2.1 Dale and Reiter typology of referential predicates Dale and Reiter [Dale and Reiter1995] have proposed to distinguish three kinds of referential predicates depending on the kind of properties they are applied on. While their proposal was originally made to deal with the generation of referring expressions, it is commonly used for interpretation too. In decreasing order of importance in a referring expression, the three categories are: typological properties (e.g. triangle, square), absolute properties (e.g. size, color) and relational properties (e.g. spatial position). While this classification is close to the syntactic categories of the natural language (typological properties are nouns and intrinsic properties are adjectives, for instance), we believe that it does not justify a different account in the processing of each category of predicates. In dialogue systems, the issue of representing objects in the mediated software and their link with referential expressions has not been widely addressed.

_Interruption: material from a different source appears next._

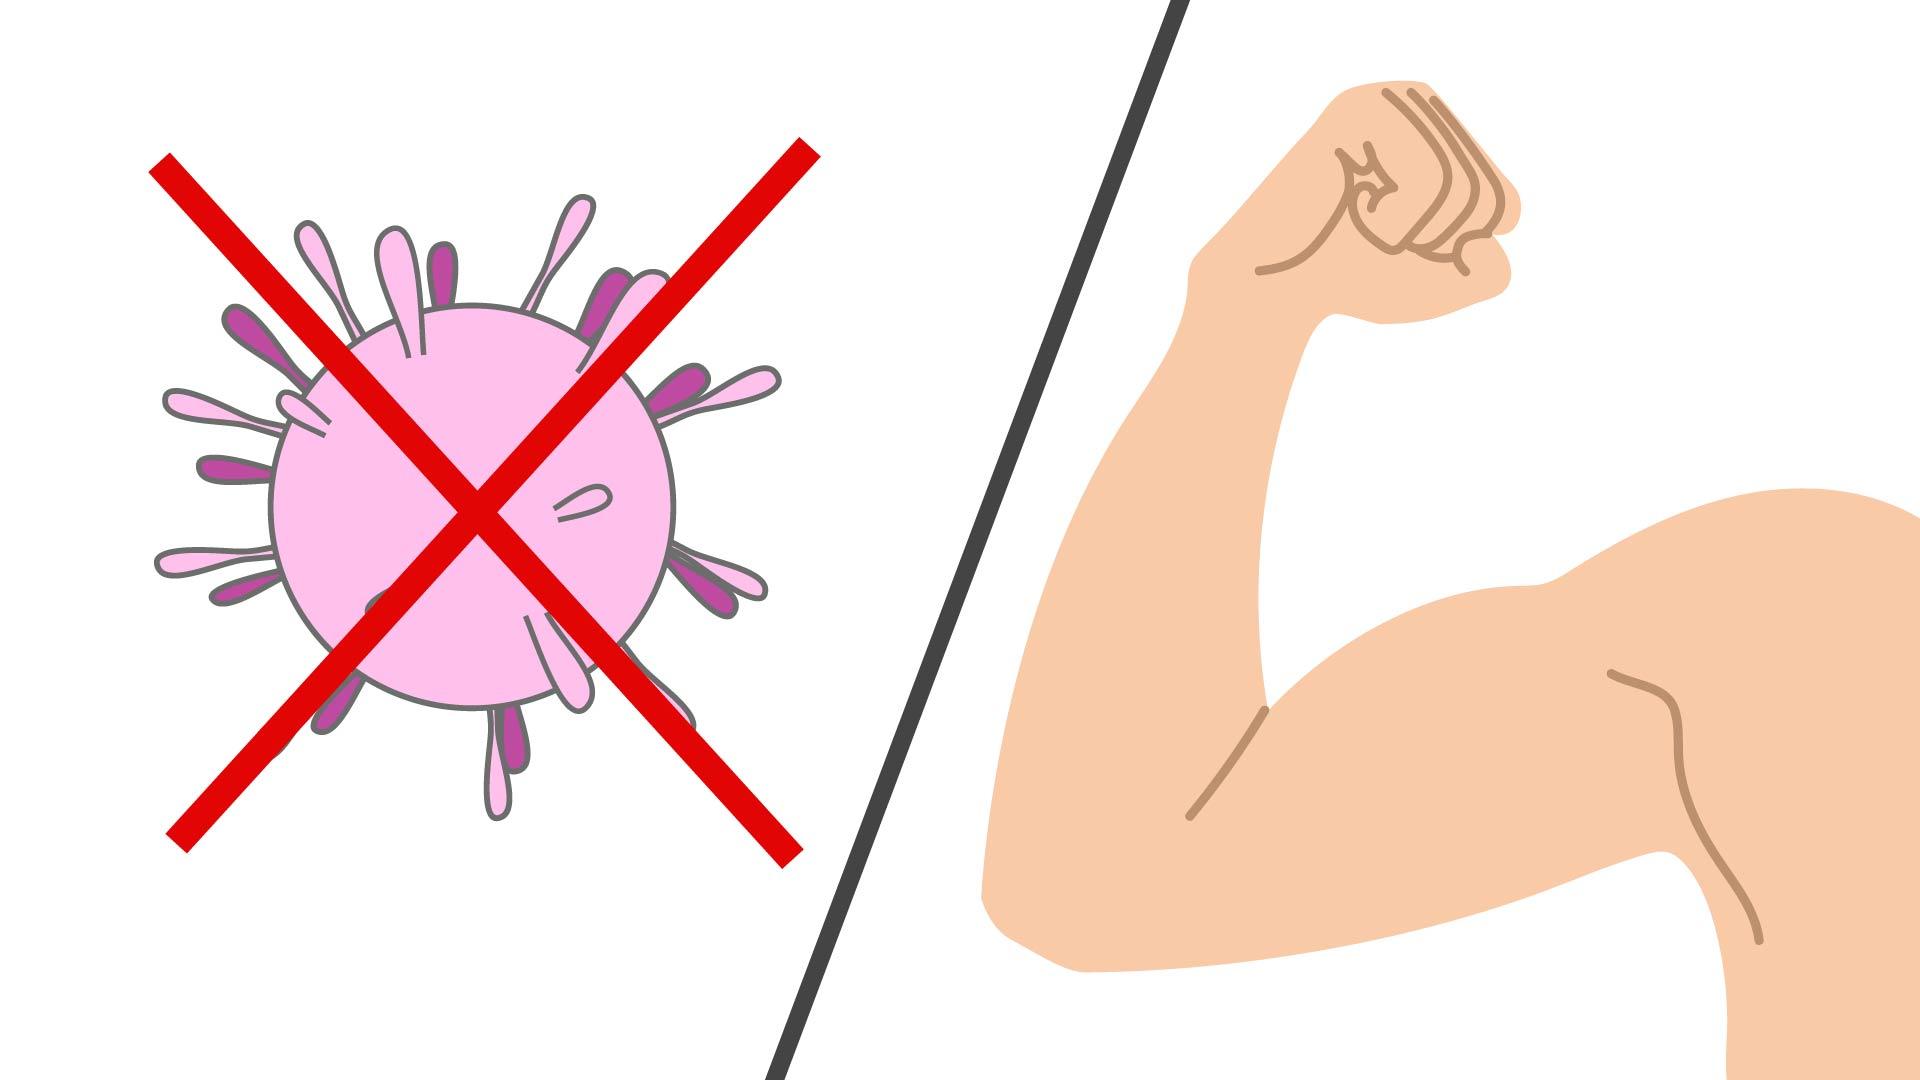 Kampf gegen Corona: 5 Tipps, wie Sie Ihr Immunsystem stärken

Most dialogue models consider that they have access to an adequate representation, coherent with the way the user will refer to an object using natural language. This can be observed even in late researches, for instance, [Salmon-Alt2001:149], [Byron and Allen2001] or [Dale and Reiter1995]. Typically, [Byron and Allen2001] expresses restrictions due to the interpretation of a referring expression with a form of first-order predicate logic like (color x RED). There is however no evidence that the natural way to refer to entities is close to a particular representation of entities. Specifically, it is very hard to find the right representation for a given concept. For instance, in order to represent geometrical forms, one can either choose to represent figures as entities of type square, triangle or circle, with the properties of color and size, or to represent all figures with the same type figure, and the properties color, size and shape. We consider that a given entity can be considered through several points of view, and thus that one cannot base an extensional reference resolution approach upon an arbitrarily-chosen point of view. We thus have to

UNIFIED REPRESENTATION OF TYPOLOGICAL, ABSOLUTE AND RELATIONAL PREDICATES

consider by default that the inner representation is different from the natural language way of referring to entities’ properties. Our approach leads to separate the representation of entities and the representation of access to their properties and to selection of the right entities. We thus introduce a new object, a sub-process that takes part in the process of extensional resolution of reference. We call referential extractors the dynamic entity corresponding to a referential predicate that plays a role in the determination of the denotation of a referring expression’s extension (e.g. in “Put the red square on the right”). We have defined this category of predicate’s role in order to make a distinction with the roles of referential producer and referential verifier (illustrated respectively in “Create a big yellow square” and “Is this yellow?”). 2.2

Confusion between predicates and properties [Dale and Reiter1995] incremental generation algorithm is the state-of-the-art for the generation of referring expressions. They generalize the view of [Grice1975] in order to choose incrementally the best properties to use in a referring expression so that the expression is explicit enough to be unambiguous without giving to much information. What is of interest for the interpretation of referring expressions is the distinction between type properties, absolute properties and relative properties made by Dale & Reiter, and conserved in more recent extended versions of the algorithm, (for instance [Krahmer and Theune1999]). This distinction is widely adopted in interpretation of referring expressions because it fits well with a frame-based or object-oriented representation of entities. In such an approach, typological properties define the category of an element. The category of an element is constant, and determines the intrinsic properties held by an element. The intrinsic (or absolute) properties of elements are attribute/value pairs, specifying completely an element compared to elements of the same type. Intrinsic properties are characterized by their stability (they are always present), and are contextindependent. We particularly aim to point out the fact that confounding properties and predicates that rely on them is a mistake that should be avoided. Indeed, while size is an absolute property held by the entity itself (e.g. 15cm), referential predicates that rely on the size are relational (e.g. big, small). We will demonstrate that generally, whereas the characteristics needed to calculate the right referent are intrinsic to the entities and do not depend on context, referential extractors relying on intrinsic properties actually need to use extrinsic information in order to resolve the referring expression. In the following section, we will try to show that all kinds of predicates are sensitive to the context. This will prove that whatever the referential extractors rely on, their action always depends on the context, and thus that a unified representation of referential extractors is possible. We will designate by operating context the current state of the mediated software, while ontological context represents the state of the graph of relations between categories and the knowledge that is attached to them for a particular domain.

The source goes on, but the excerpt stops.